Download the checkpoint of our trained model

cd /path/to/spatially-conditioned-graphs/download
bash download_checkpoint.sh

Test a model

cd /path/to/spatially-conditioned-graphs
CUDA_VISIBLE_DEVICES=0 python test.py --model-path checkpoints/scg_1e-4_b32h16e7_hicodet_e2e.pt

By default, detections from a pre-trained detector is used. To change sources of detections, use the argument --detection-dir, e.g. --detection-dir hicodet/detections/test2015_gt to select ground truth detections. Fine-tuned detections (if you downloaded them) are available under hicodet/detections.

Cache detections for Matlab evaluation following HO-RCNN (optional)

cd /path/to/spatially-conditioned-graphs
CUDA_VISIBLE_DEVICES=0 python cache.py --model-path checkpoints/scg_1e-4_b32h16e7_hicodet_e2e.pt

By default, 80 .mat files, one for each object class, will be cached in a directory named matlab. Use the --cache-dir argument to change the cache directory. To change sources of detections, refer to the use of --detection-dir in the previous section.

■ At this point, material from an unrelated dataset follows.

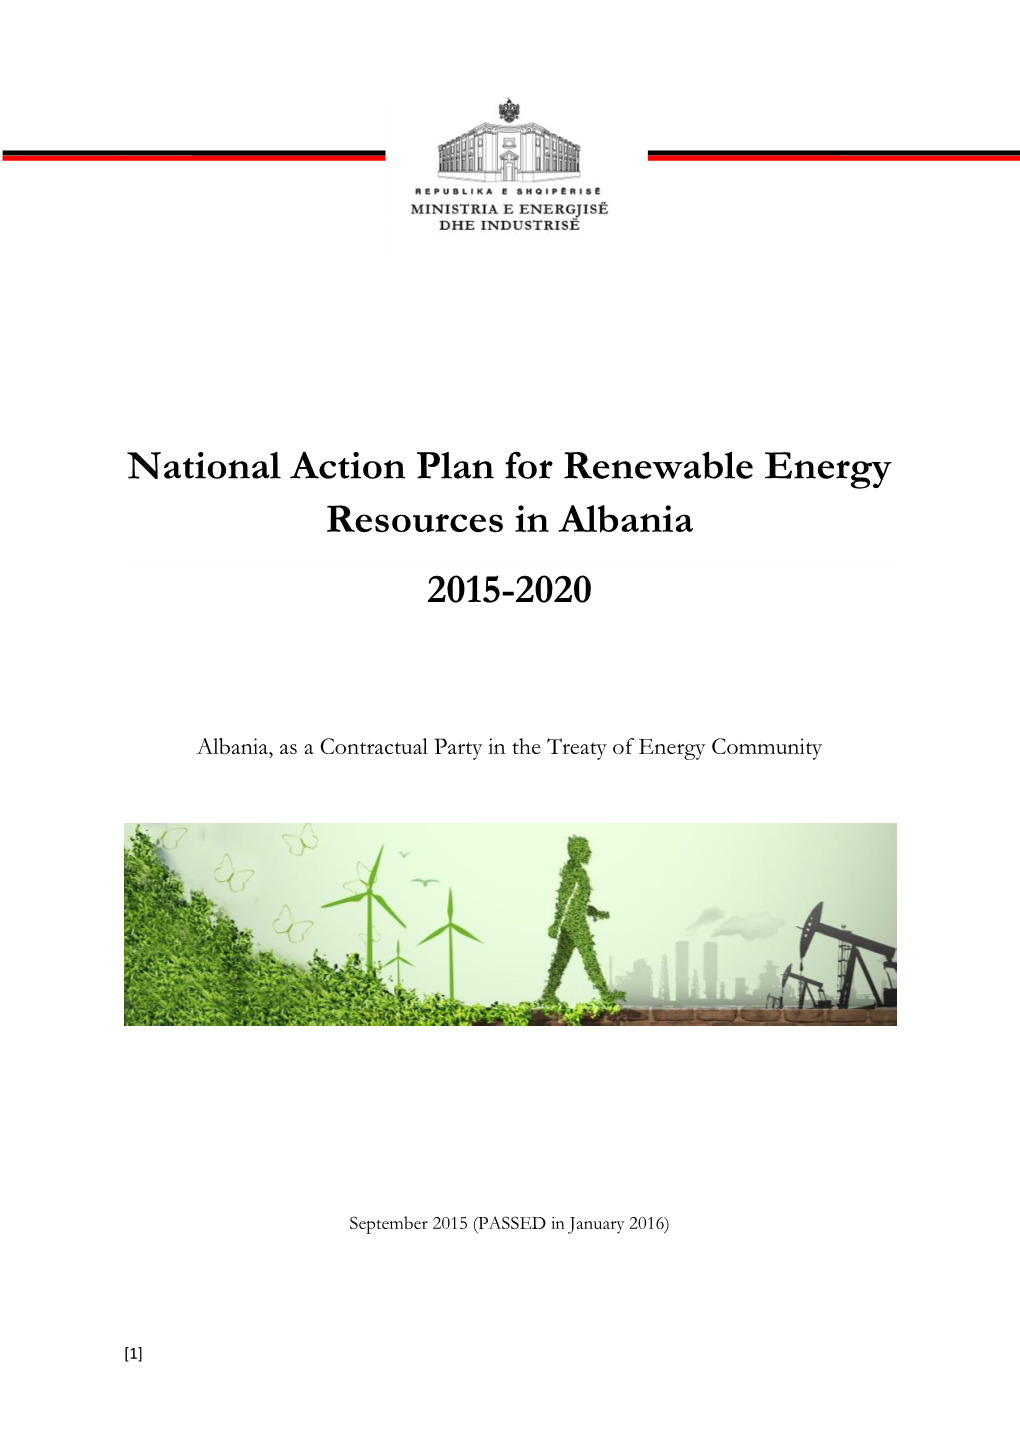 National Action Plan for Renewable Energy Resources in Albania 2015-2020
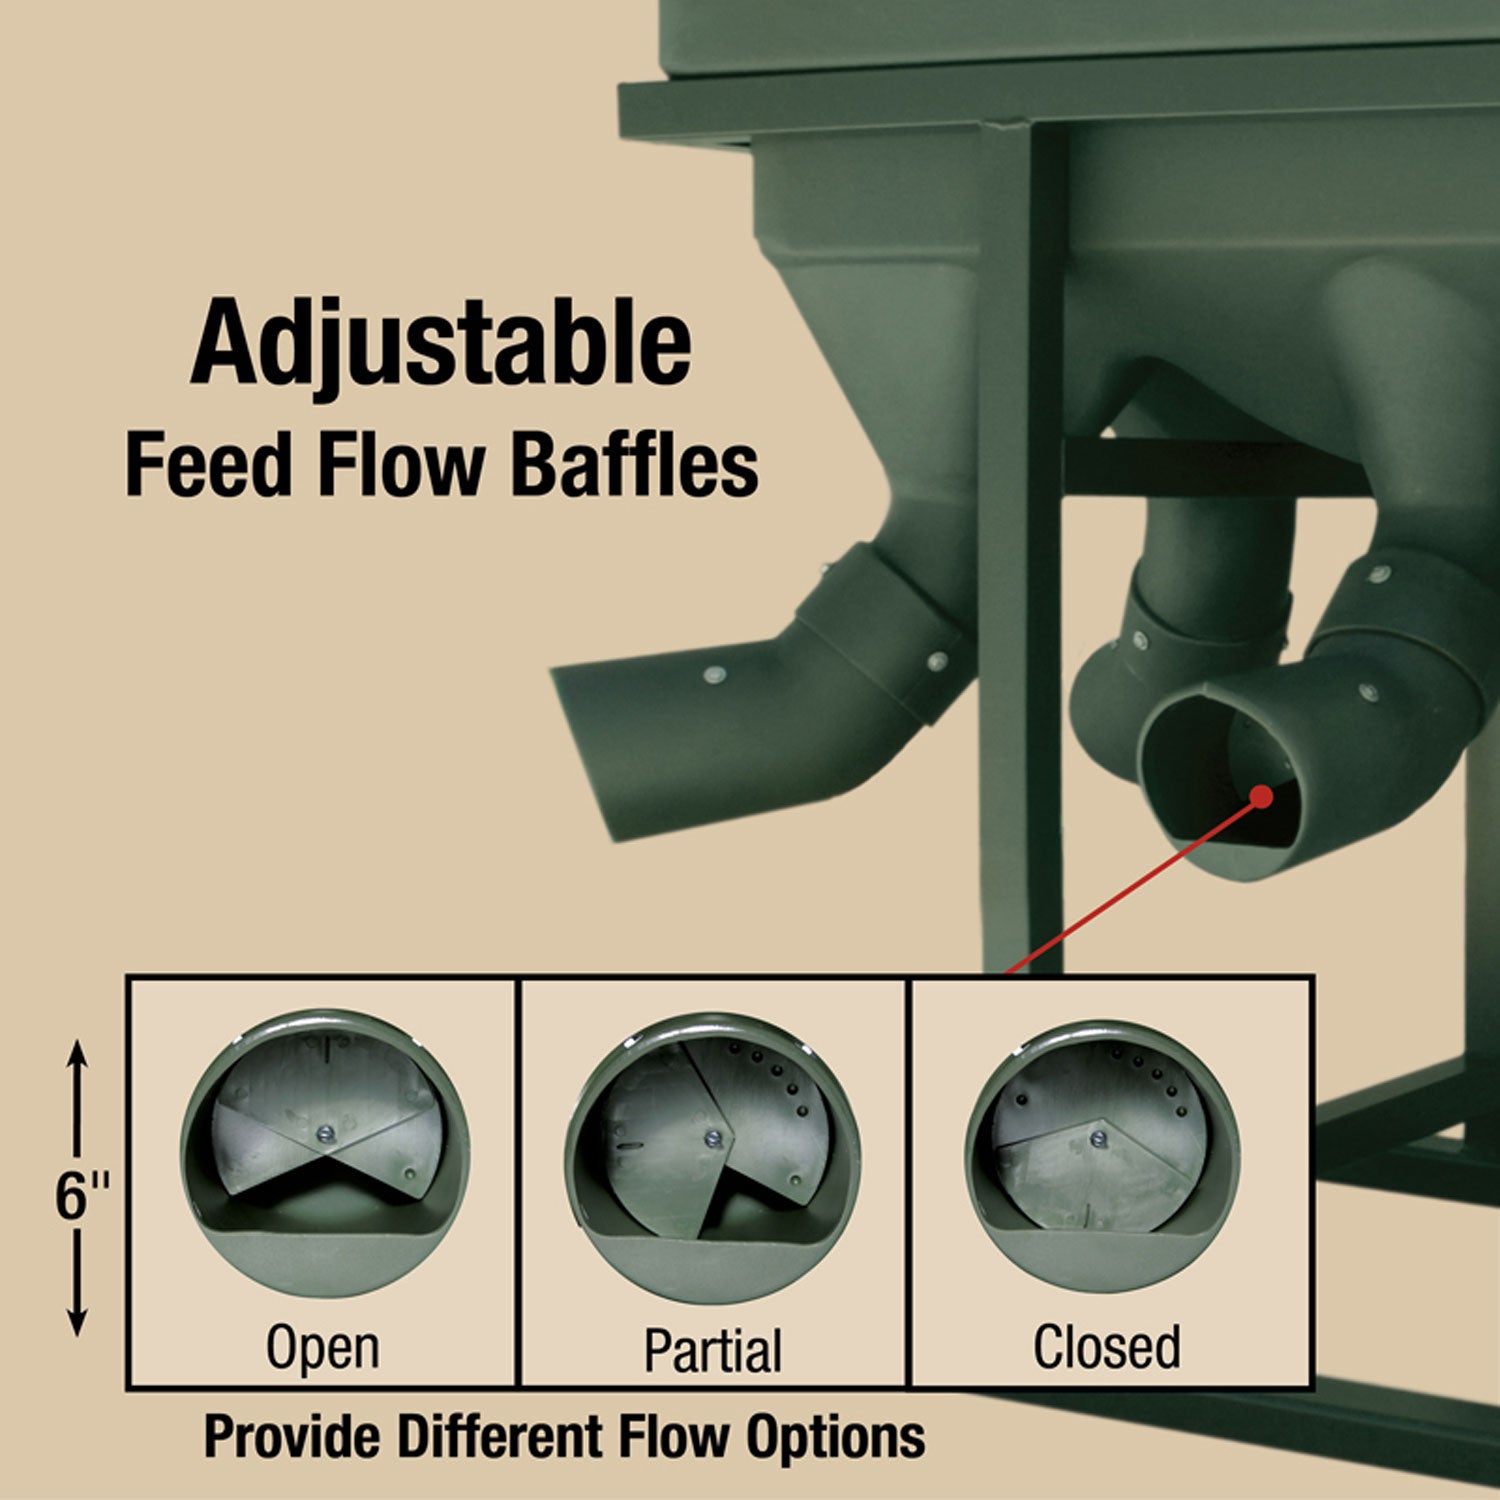 XPF2000F: Texas Hunter 2,000 lb. Xtreme Deer Fawn and Doe Protein Feeder

As a reference, the performance of the provided model is shown in the table below

Detections	Default Setting	Known Object Setting
Pre-trained on MS COCO	(`21.85`, `18.11`, `22.97`)	(`25.53`, `21.79`, `26.64`)
Fine-tuned on HICO-DET (DRG)	(`31.33`, `24.72`, `33.31`)	(`34.37`, `27.18`, `36.52`)
Ground truth detections	(`51.53`, `41.02`, `54.67`)	(`51.75`, `41.40`, `54.84`)

V-COCO

We did not implement evaluation utilities for V-COCO, and instead use the utilities provided by Gupta. To generate the required pickle file, run the following script by correctly specifying the path to a model with --model-path

cd /path/to/spatially-conditioned-graphs
CUDA_VISIBLE_DEVICES=0 python cache.py --dataset vcoco --data-root vcoco \
    --detection-dir vcoco/detections/test \
    --cache-dir vcoco_cache --partition test \
    --model-path /path/to/a/model

This will generate a file named vcoco_results.pkl under vcoco_cache in the current directory. Please refer to the v-coco repo (not to be confused with vcoco, the submodule) for further instructions. Note that loading the pickle file requires a particular class CacheTemplate, which is shown below in its entirety.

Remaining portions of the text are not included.